(Given material)
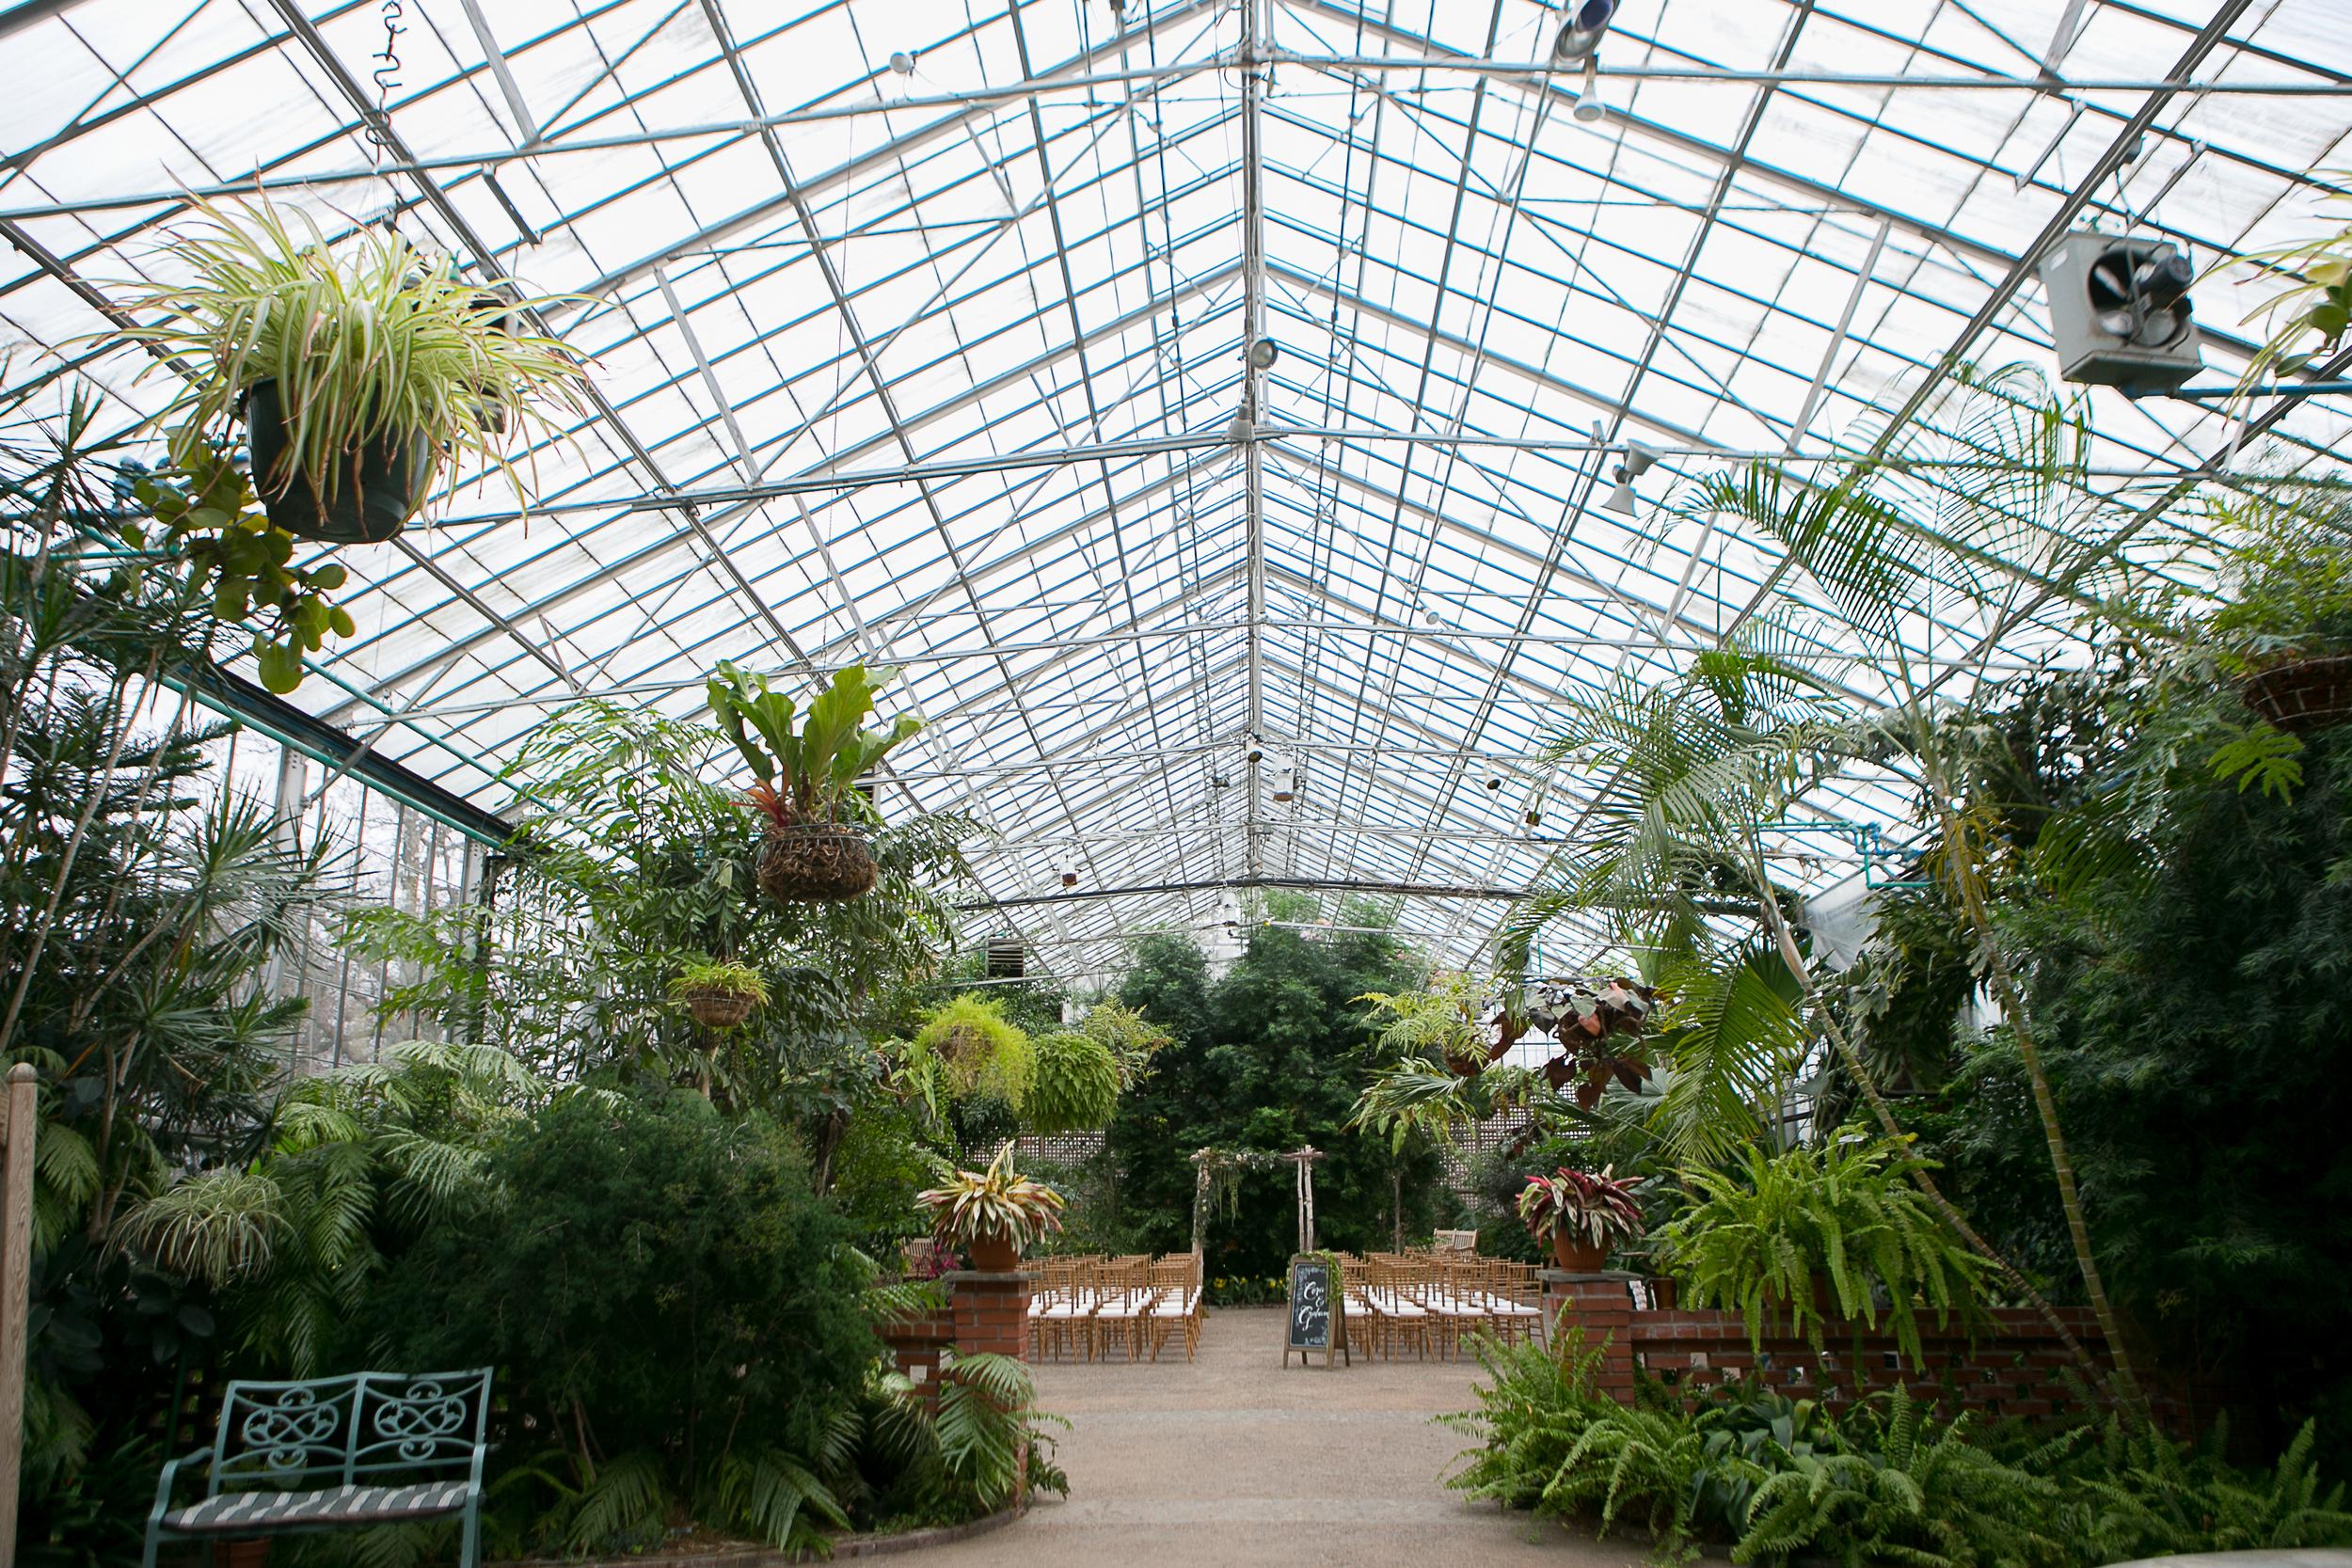 1403-Horticultural-Docherty-036.jpg
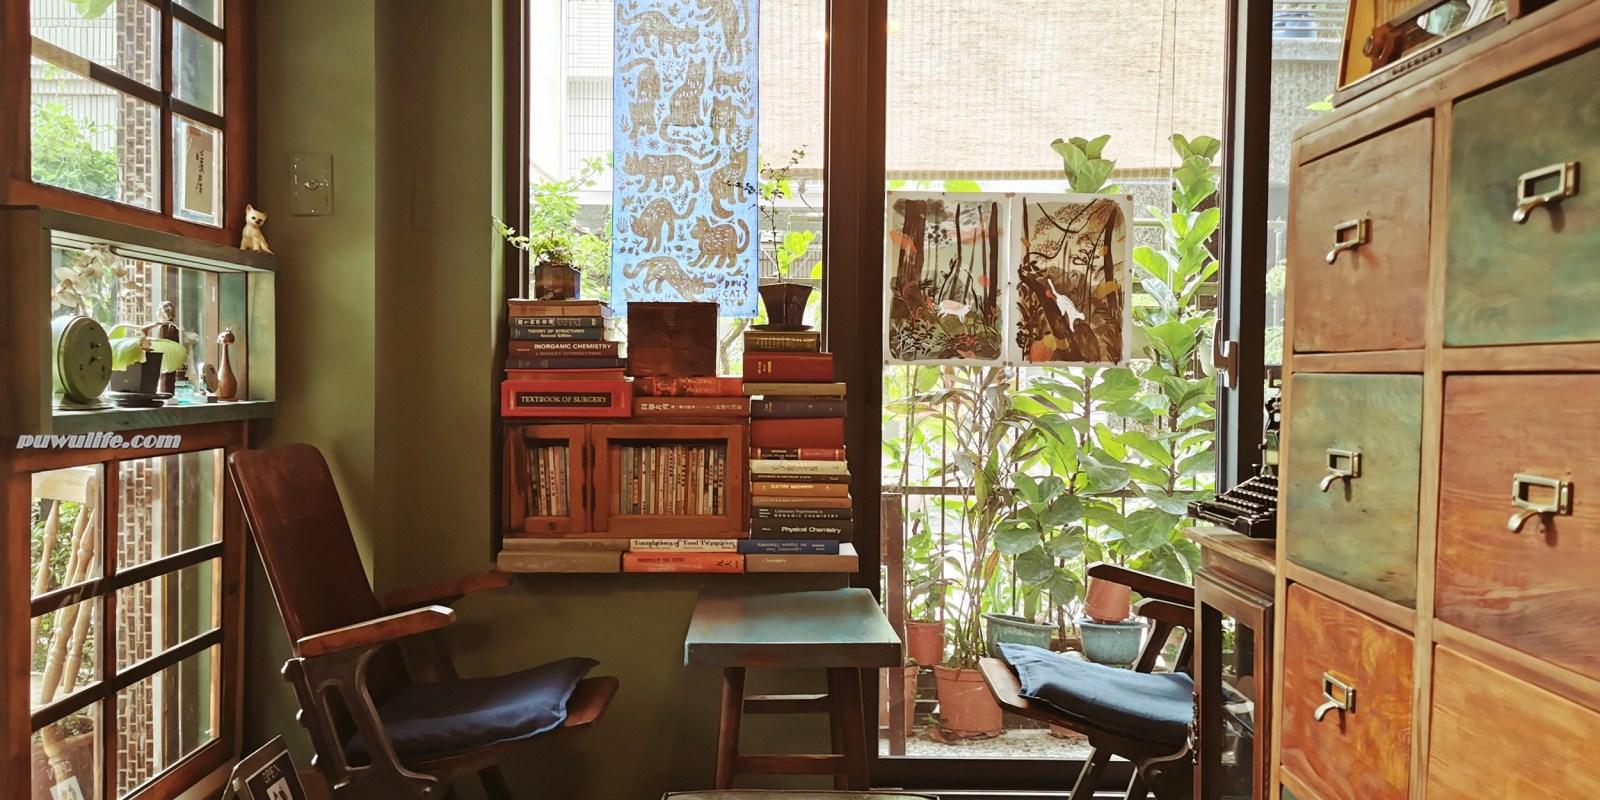 穿牆貓 Cat Traveller Cafe 好好拍,小巷中的綠色博物館
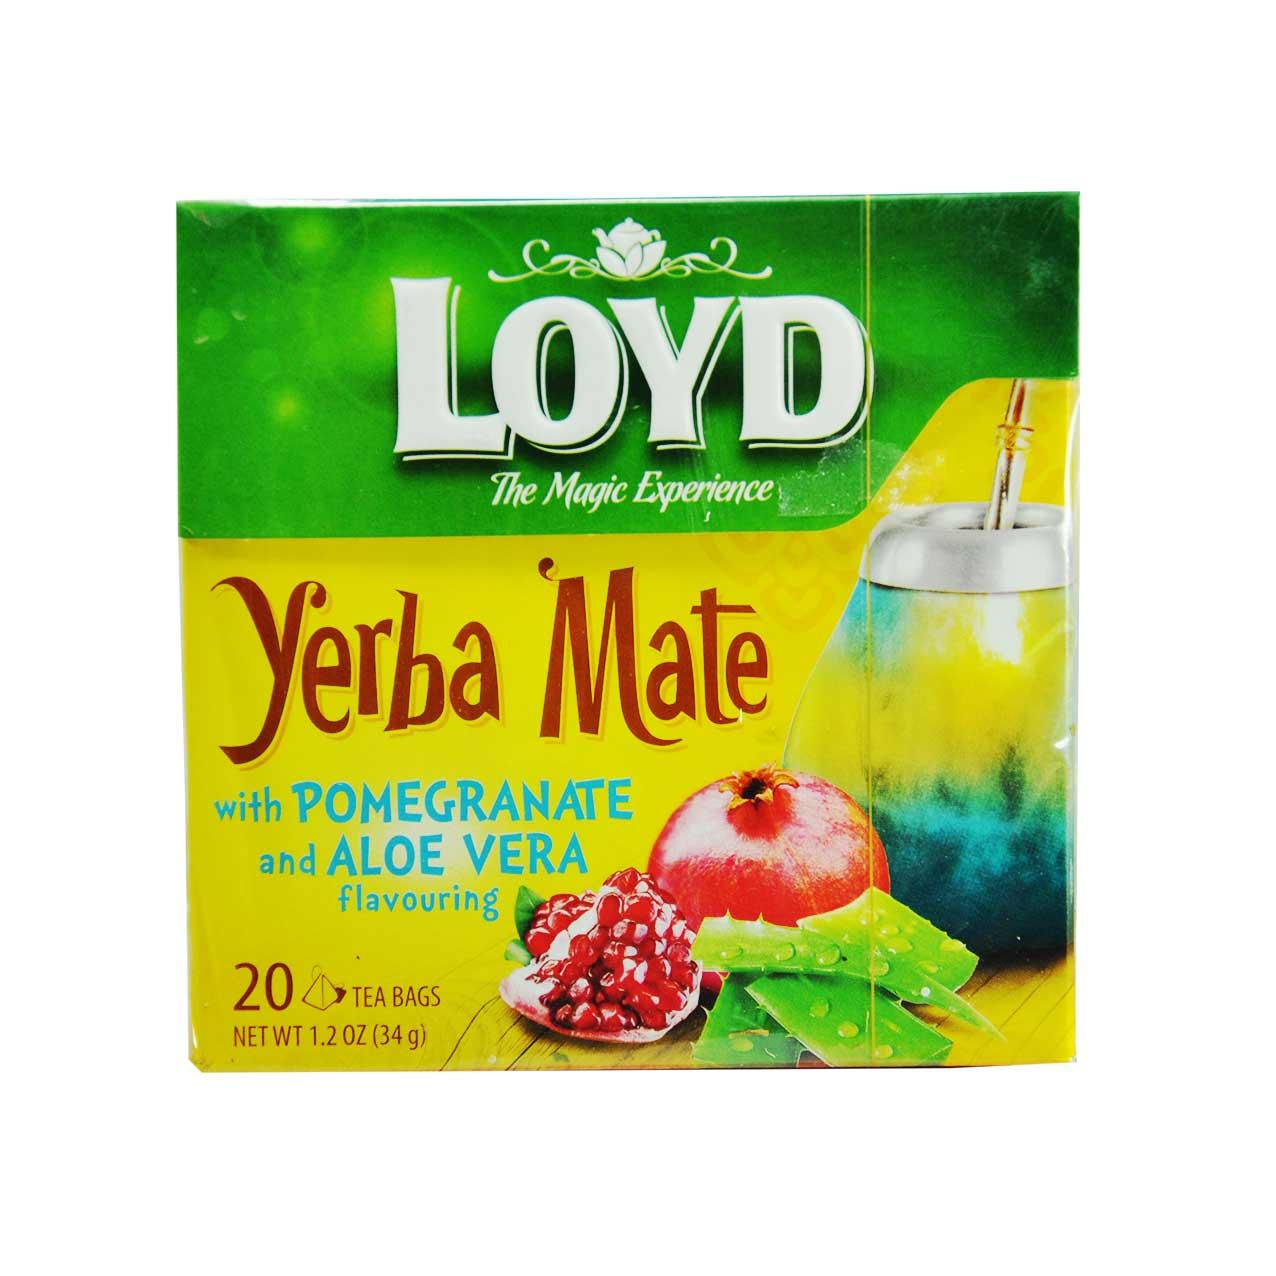 دمنوش گیاهی انار و آلوورا (یربا ماته ) لوید – LOYD
(End Given material)
**Exercise:**
Word for word, repeat all the data, but not its images.

**Answer space:**
 1403-Horticultural-Docherty-036.jpg
 穿牆貓 Cat Traveller Cafe 好好拍,小巷中的綠色博物館
 دمنوش گیاهی انار و آلوورا (یربا ماته ) لوید – LOYD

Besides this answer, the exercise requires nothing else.